I am not setting a gay agenda by being assertive about this — indeed, I am uncomfortable about having to assert my sexuality anywhere, because it is a very personal thing. Rather, I am asking non-LGBTQIA+ people to think about the assumptions they might be making on topics they normally might not need to think too hard about. For example, assuming that a person they meet for the first time will have a partner of the opposite sex when asking social questions sets up barriers for people who are gay.
When an institution is establishing policies and a scope of inclusion is relevant, a well-intentioned inclusion policy that leaves out a minority group (either in wording or by action) can make the feeling of exclusion worse than if there were no policy at all. I have felt that many times in my life.

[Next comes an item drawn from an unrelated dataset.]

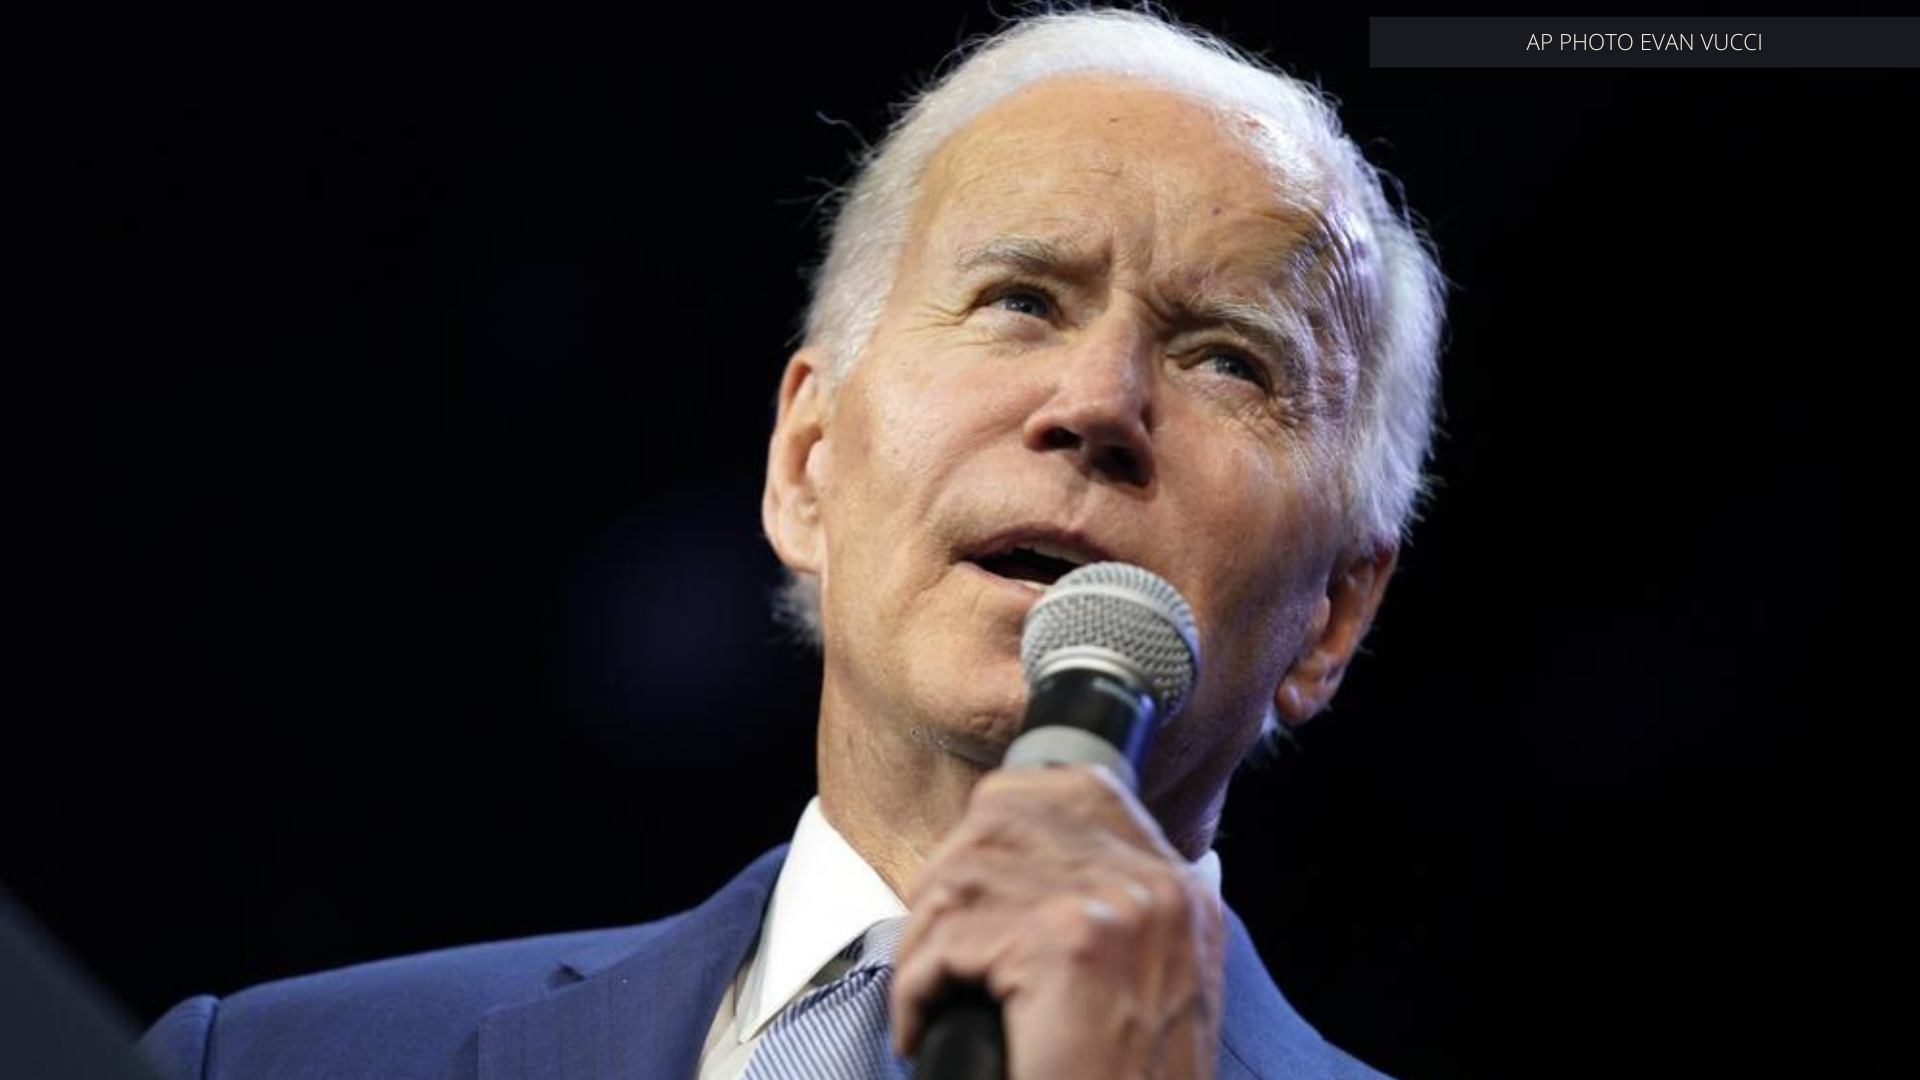 Biden Looks to Increase Oil Supplies Ahead of Midterm Voting
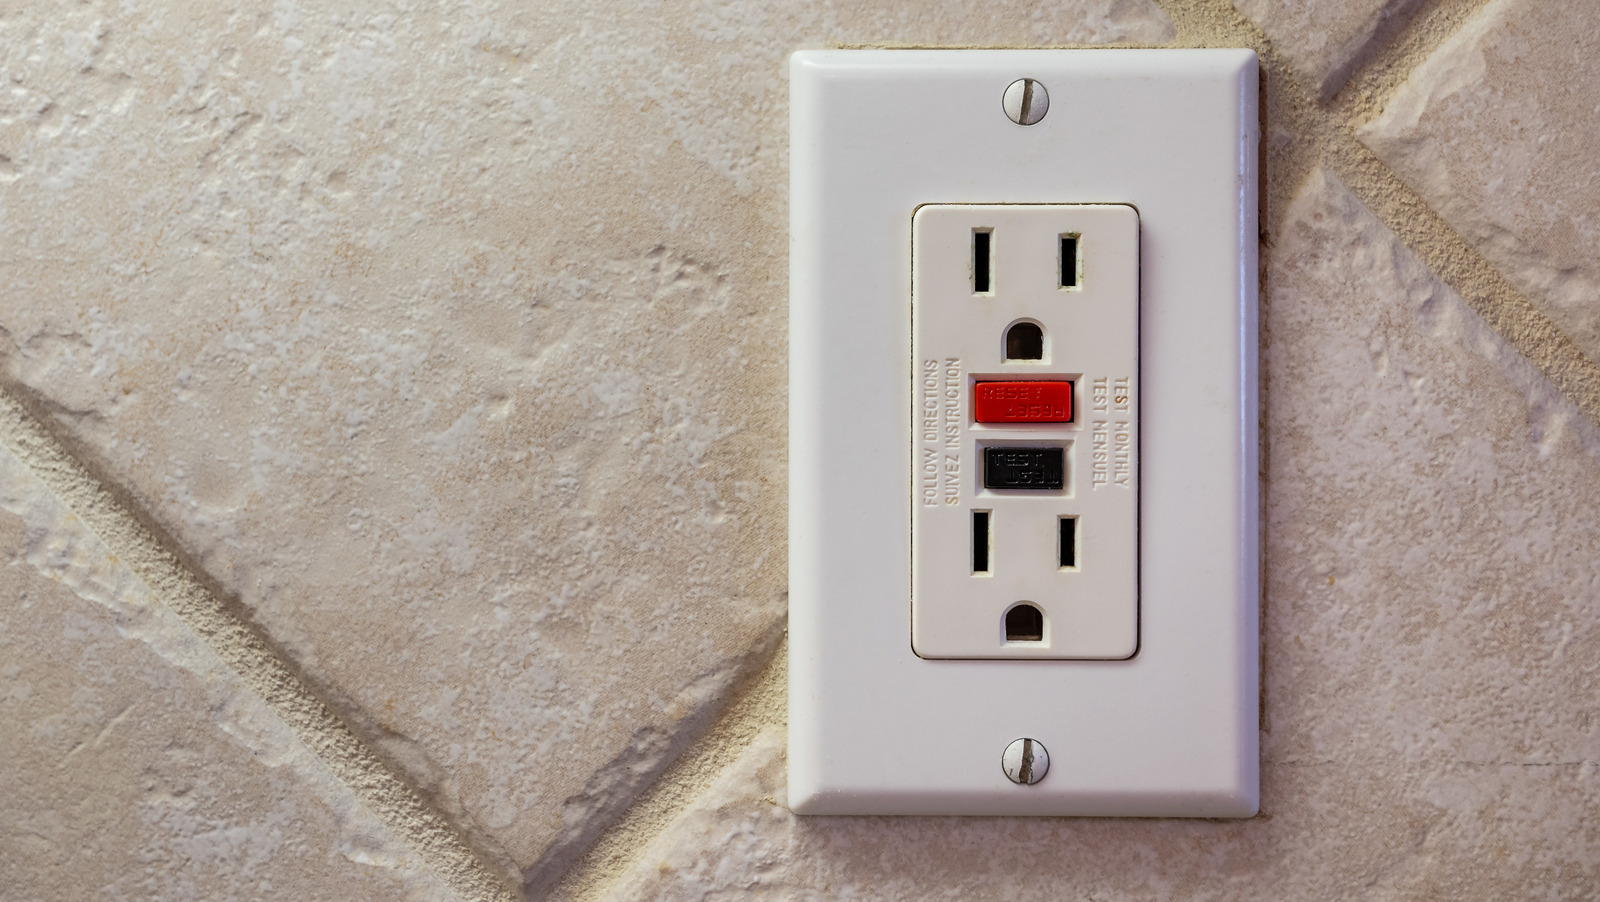 https://www.housedigest.com/img/gallery/10-types-of-electrical-outlets-commonly-found-in-every-home/l-intro-1646241291.jpg

In my younger years, particularly in my early 20s to early 30s, I would have felt more comfortable and more a part of the scientific community if I had known more about others like me. My personal development would have benefited from having role models who shared my experience and whose example resonated with the whole of me — particularly LGBTQIA+ scientists who had successful careers and were inspiring and confident in their own skin without needing to be in the closet. Sure, I knew great gay people in the LGBTQIA+ community, and I knew great scientists — but I felt those two realms were generally parallel worlds. I know they shouldn’t be and are not really. I hope to provide a beacon to others who hunger for role models.
The world has become so much better in so many ways for the LGBTQIA+ community over the last two decades. I am writing this as Australia is abuzz with WorldPride celebrations in Sydney. The world definitely has come a long way, especially in the last decade. But we still can work to create beacons of visibility that showcase a wide variety of people who are scientists — this is relatively easy to do if you put yourself out there. The sexuality of many LGBTQIA+ people is invisible unless they put their hands up.
And thus, here I am — a full professor running a lab on the mechanisms of neurodegeneration. This is my story for visibility.